SS: It is a rich irony that Port Phillip obviously loved the finished building.

KT: They did. The reason they gave for blocking it was: “Kerstin we know you’ll do a reasonable job but this will set a precedent and then we could get bad versions of it.” Point being, I see it as council’s problem to stop the bad versions not the good ones. Anyway, when the jury came they drove past the house twice because they missed it. I said: “See I told you it was low key”.

MS: Do you see your architecture as being particularly Australian, or is this perception a by-product of integrating your architecture so successfully with Australian landscapes?

KT: That’s a really good question. I think we probably understand our work both within a local repertoire and a global one. Yes you have your local reference points and whether that’s contemporary peers or older peers. For example, Boyd and Grounds, Baracco + Wright and all that mob from when I grew up. More recently current peers I’d say NMBW’s interests, some of Michael Markham’s work for example. There are peers I have a great respect for and there are interests common to us. I think there’s the bigger global discipline and you’re always trying to situate your work within that but also draw from it too. There’s also the idea of acting locally with a building. Not so much in the formal sense of what an Australian building looks like but more that it does something to help place-make in its situation, and help reinforce valued aspects of the local condition.

It can also be more explicit than that. For our design for Ivanhoe House, for example, it felt important to draw on the incredible architectural heritage of the suburb. Neighbourhood character is one of the planning requirements but I don’t have a lot of time for that generic contemporary. Instead we looked to Harold Desbrowe Annear as a reference point knowing that he had a body of work in that suburb and also because it fitted with the client’s preference for a slightly arts and crafts type building. We thought let’s look to a local precedent with that being part of what we interpret for the building.

One of the other things I’ve noticed is that a lot of our buildings are very long and low. Sometimes, I think, this has stemmed from a desire to make sense of the vastness of the site. When you don’t have a defined site, you have to use the built form to define the territory. It started with the Lake Connewarre House but you can also see it with Marysville Police Station and Hanging Rock House. It’s where we’ve attenuated the buildings into length to help define the space around it.

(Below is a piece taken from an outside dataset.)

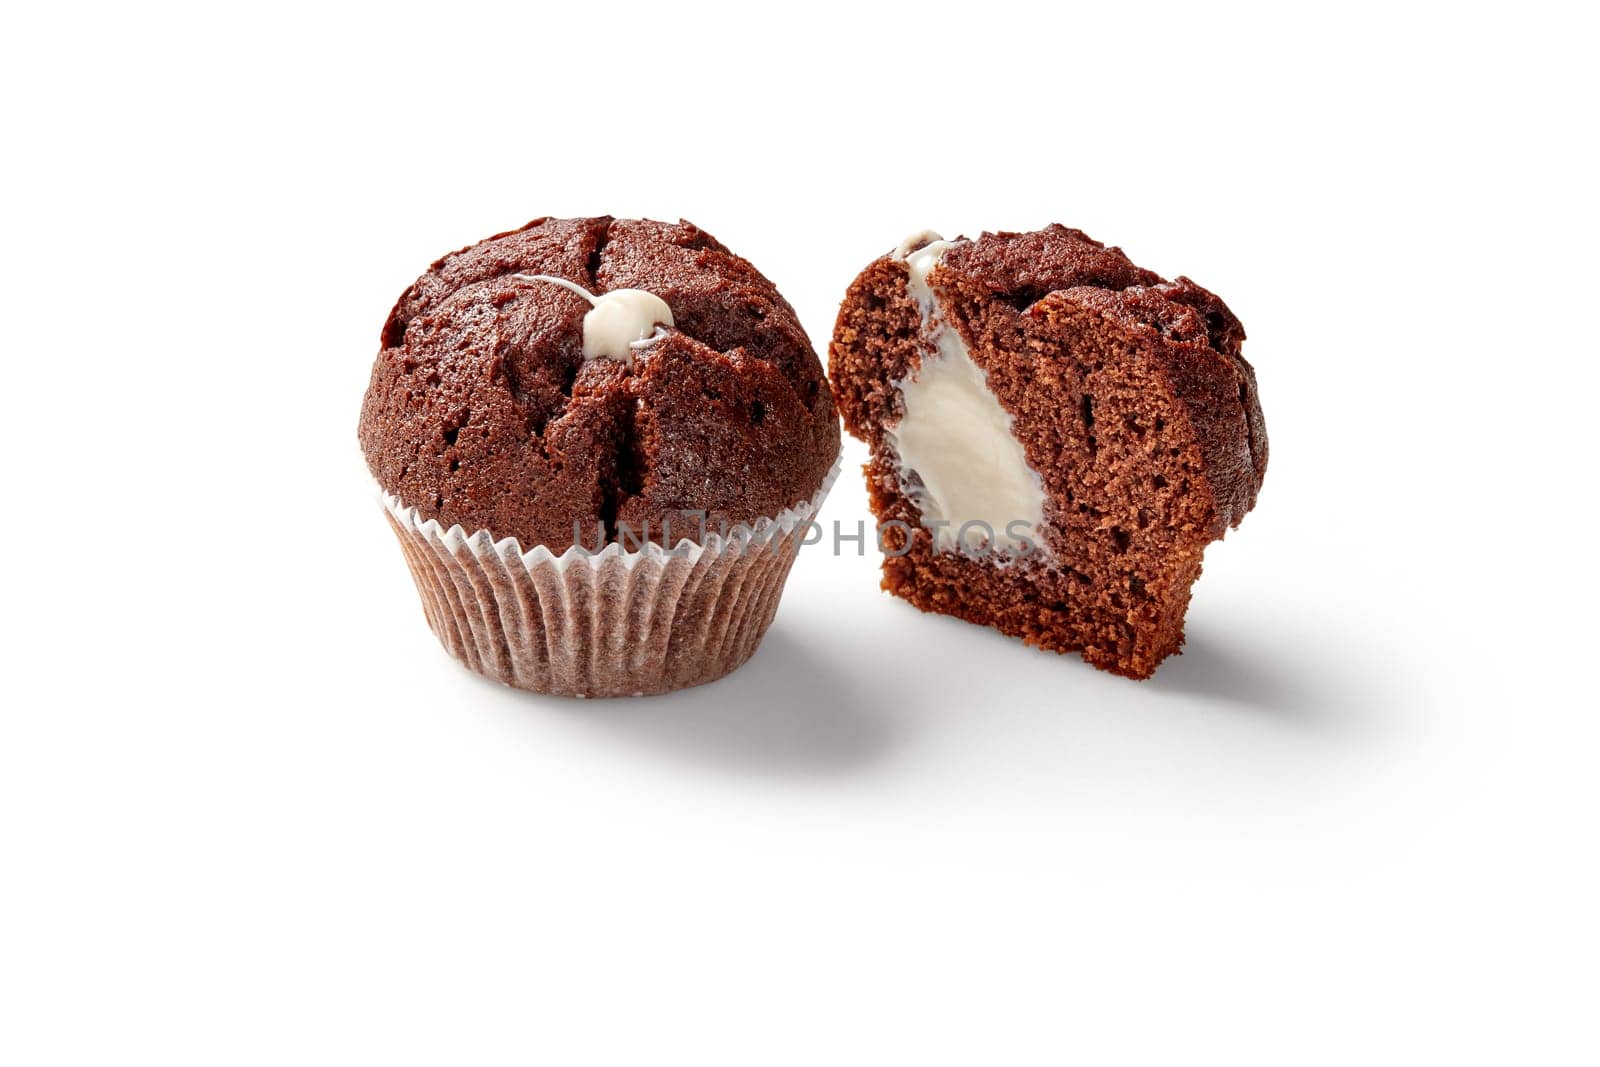 Whole and sliced chocolate muffins with creamy filling by nazarovsergey

It’s almost turning the building into a wall of sorts, and you use that to make it less about a figure and more about trying to harness a territory adjacent to it. Sometimes I think that might be a response to our bigness of horizon, our wideness and our flatness. It’s something I’d like to give a bit more thought to.

MS: You have done a few police station projects.  What I find interesting about that building type is that despite the substantial functional requirements and a consistent client, the finished buildings are diverse.

KT: That’s true. I have tried to write a bit about this because it goes back to that question around making an architecture of a situation. The police stations are a nice example of that because the brief is the same. Often people justify built forms through program, whereas if the program is consistent across, say four projects, then what varies the outcome? That’s been really fascinating to wrestle with. That’s where we thought interestingly form was one of those devices. Same program but how we arrange it has a really big impact on how it operates on its site.

With Marysville it gets dragged out. It’s a long building along the edge of a park and that’s because we wanted to create more interface with interiors of the station looking out to the green space rather than just a tiny little shop front and then a long deep plan. By contrast with Warrandyte and Hurstbridge, which were done together, they are both in green belt suburbs in Melbourne. To camouflage them in their landscapes, we took an approach to brick detailing that was friendly and endearing: to reflect the greenness of the communities we used green bricks. With Marysville, we used timber instead. Through formal differences, the arrangement of program, and material choices those buildings fit more appropriately to their situations. The situation is what changes in the brief. The program is the same.

Marysville Police Station by Kerstin Thompson Architects. (Photo credit: Trevor Mein)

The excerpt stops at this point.